# Exercise details:
When the line with "Kutaisi Communication Forms" appears below, start repeating lines exactly, and keep going through the line with "Impacts of Event-Based"; add nothing outside that span.

[Opening Material shown section]

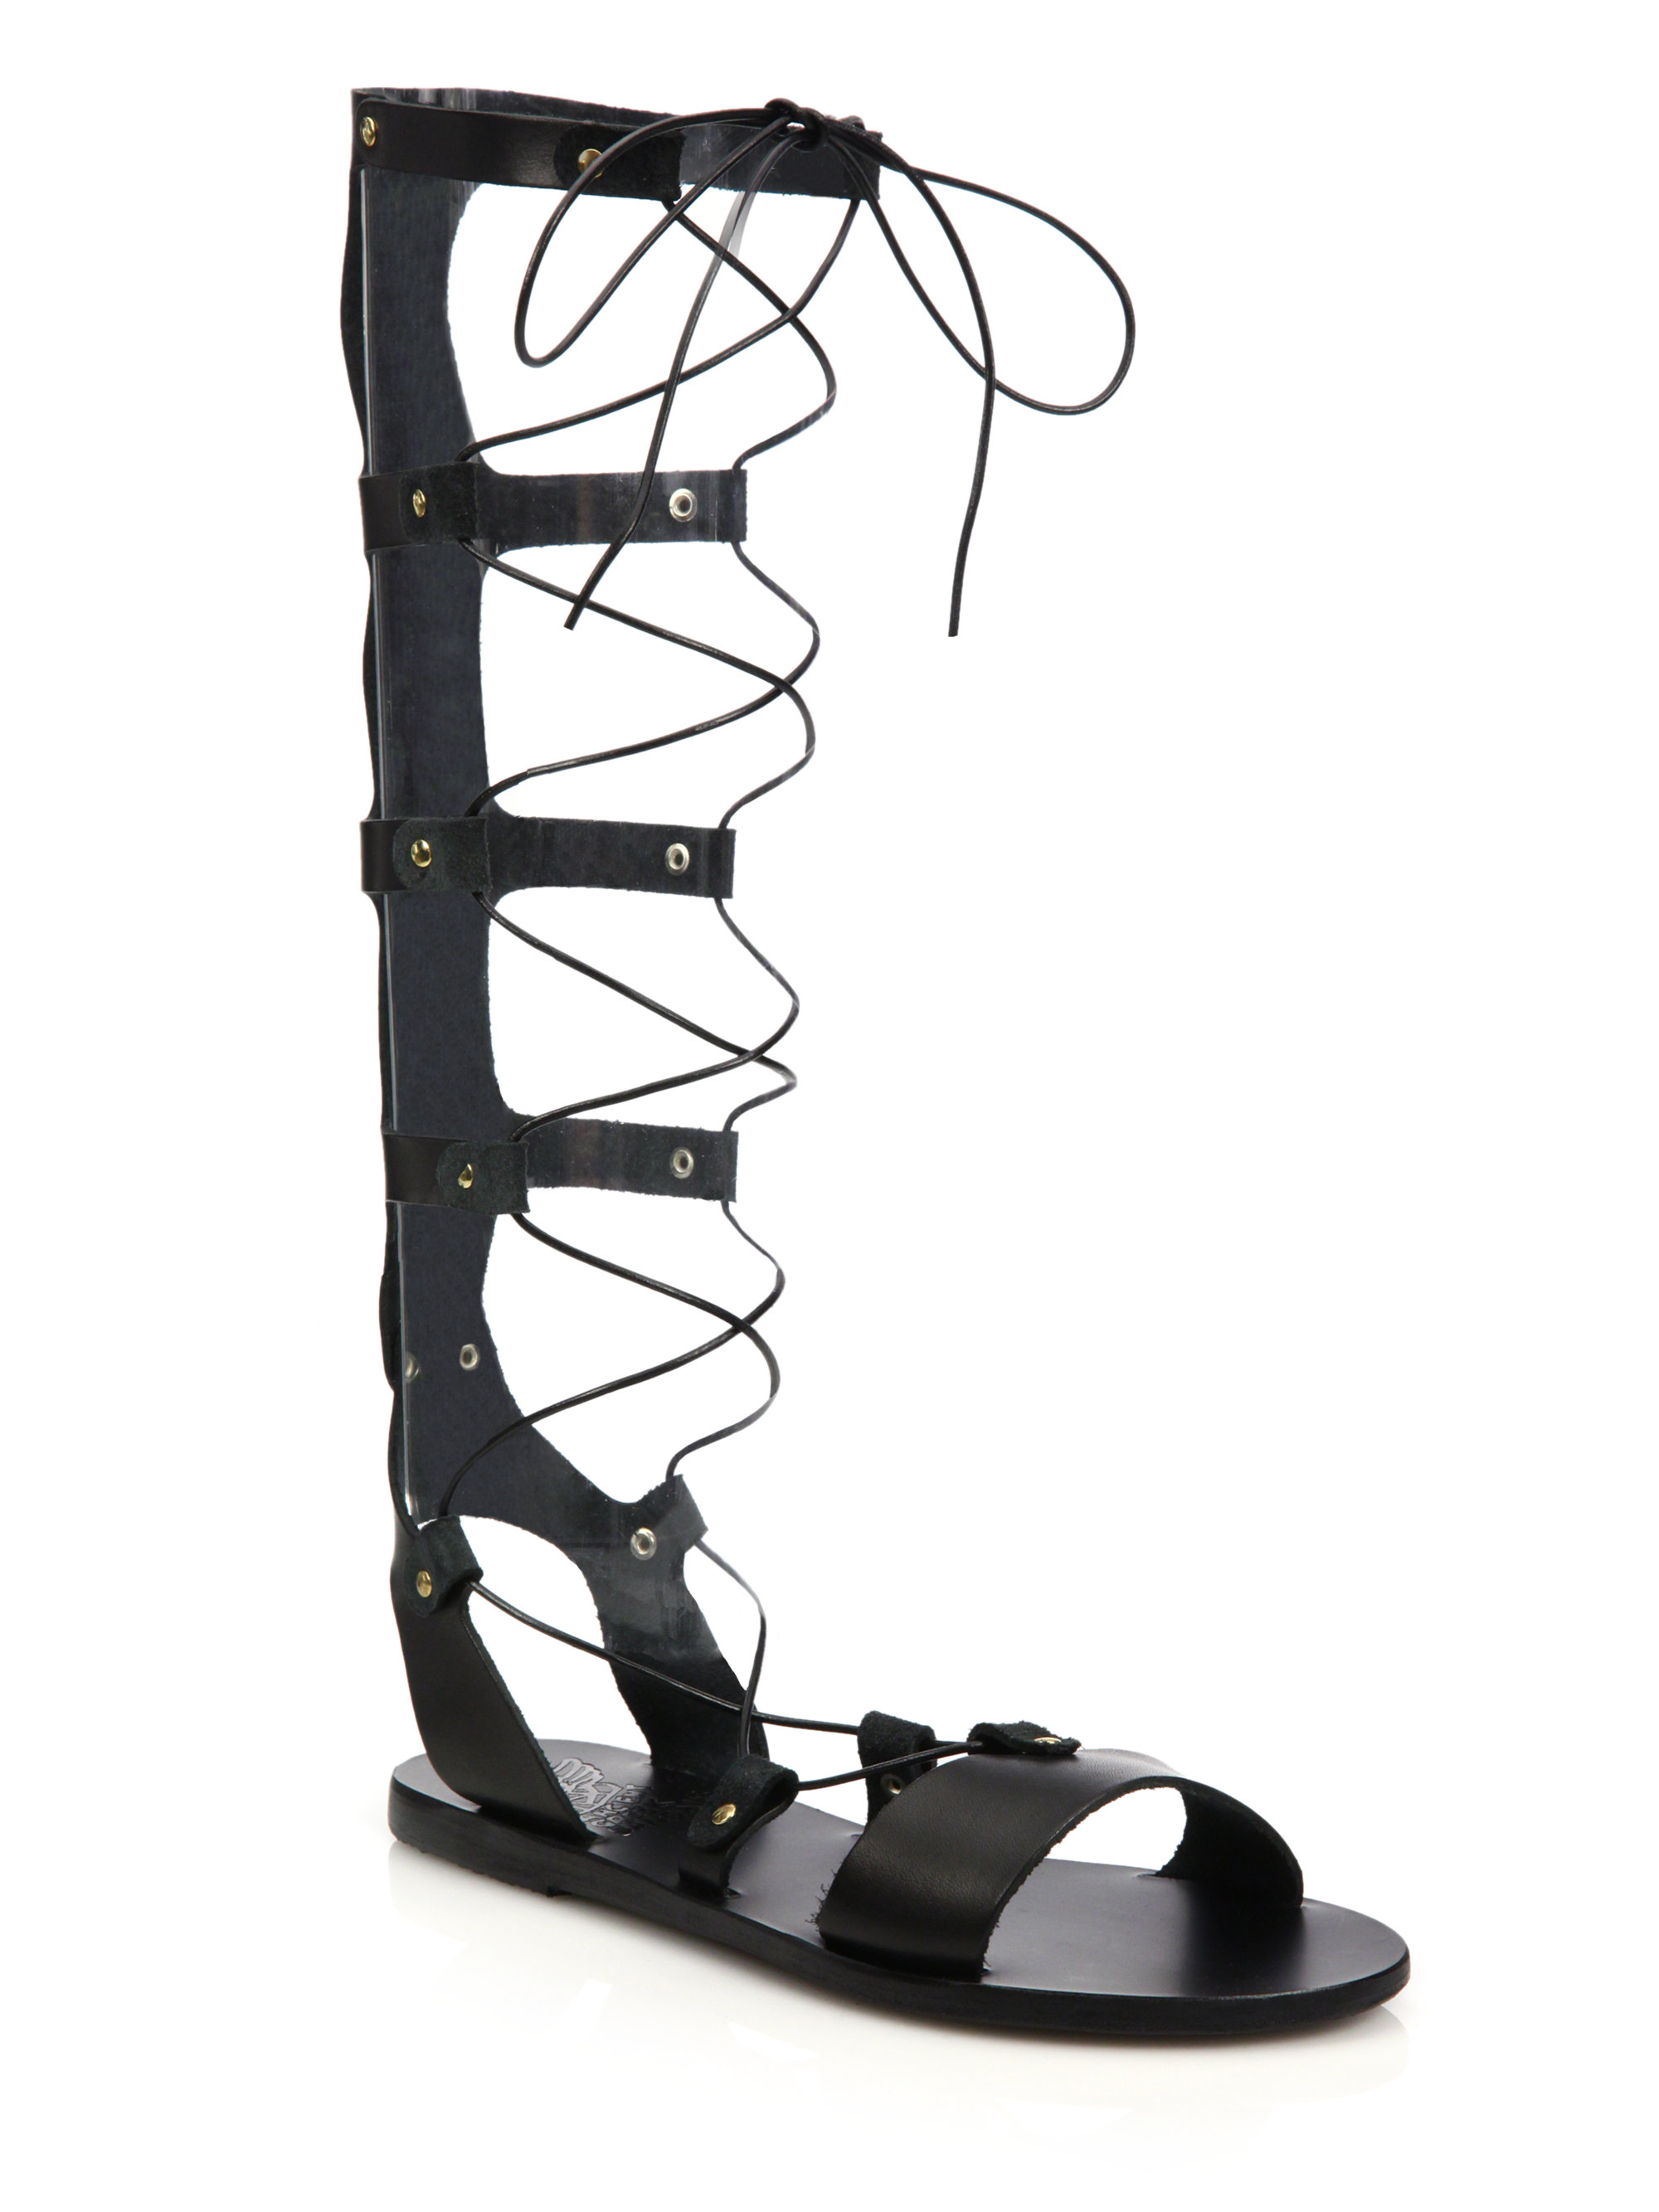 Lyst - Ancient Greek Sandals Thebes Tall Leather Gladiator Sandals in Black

[Closing Material shown section]
[Opening Material shown section]

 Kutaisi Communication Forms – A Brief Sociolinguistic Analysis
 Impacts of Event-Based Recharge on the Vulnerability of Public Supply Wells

[Closing Material shown section]
[Opening Material shown section]

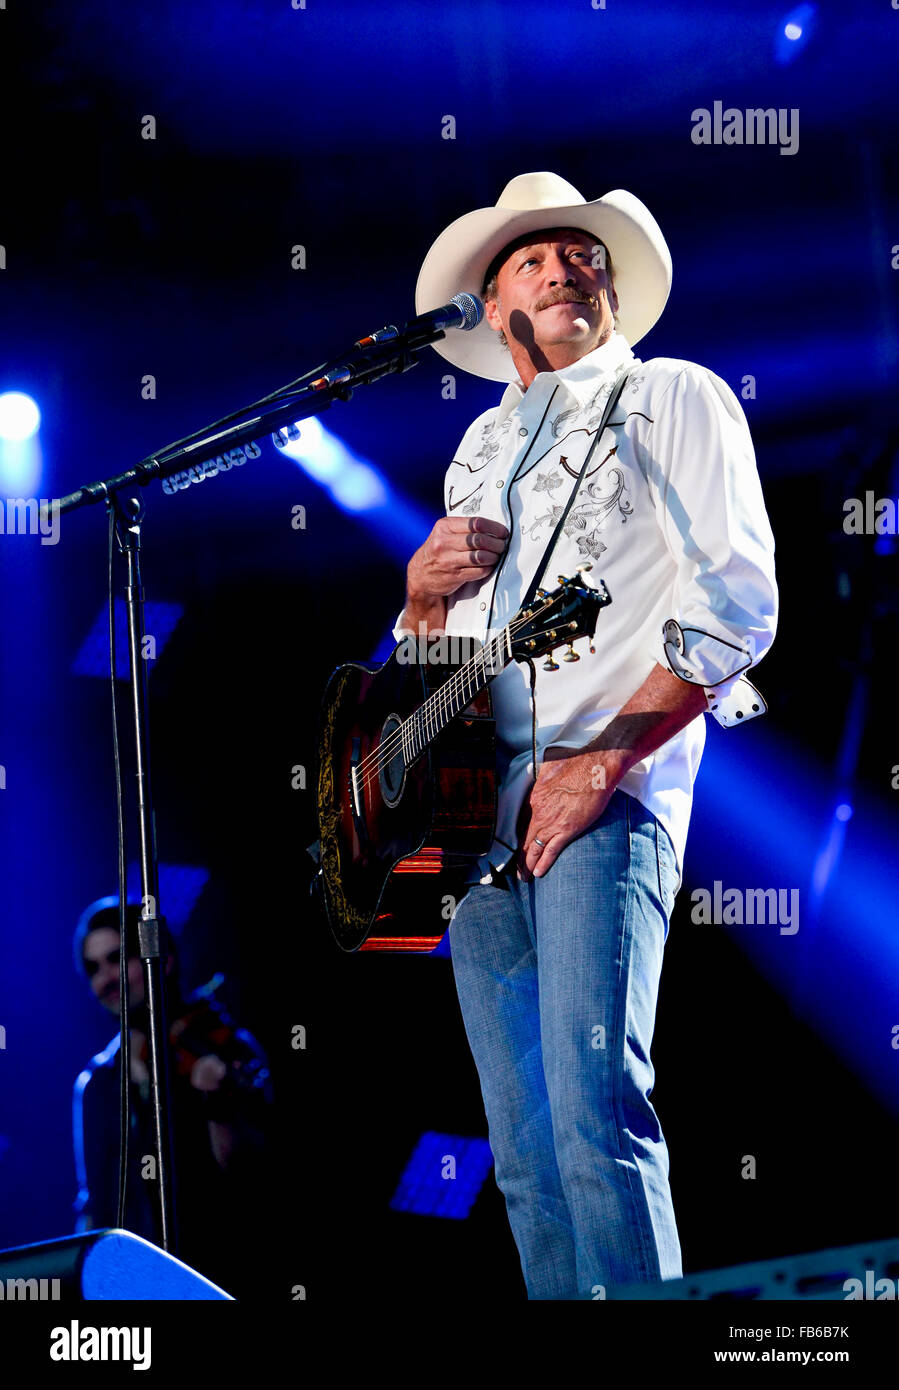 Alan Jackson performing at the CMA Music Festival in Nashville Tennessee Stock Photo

[Closing Material shown section]

# Answer for the task:
 Kutaisi Communication Forms – A Brief Sociolinguistic Analysis
 Impacts of Event-Based Recharge on the Vulnerability of Public Supply Wells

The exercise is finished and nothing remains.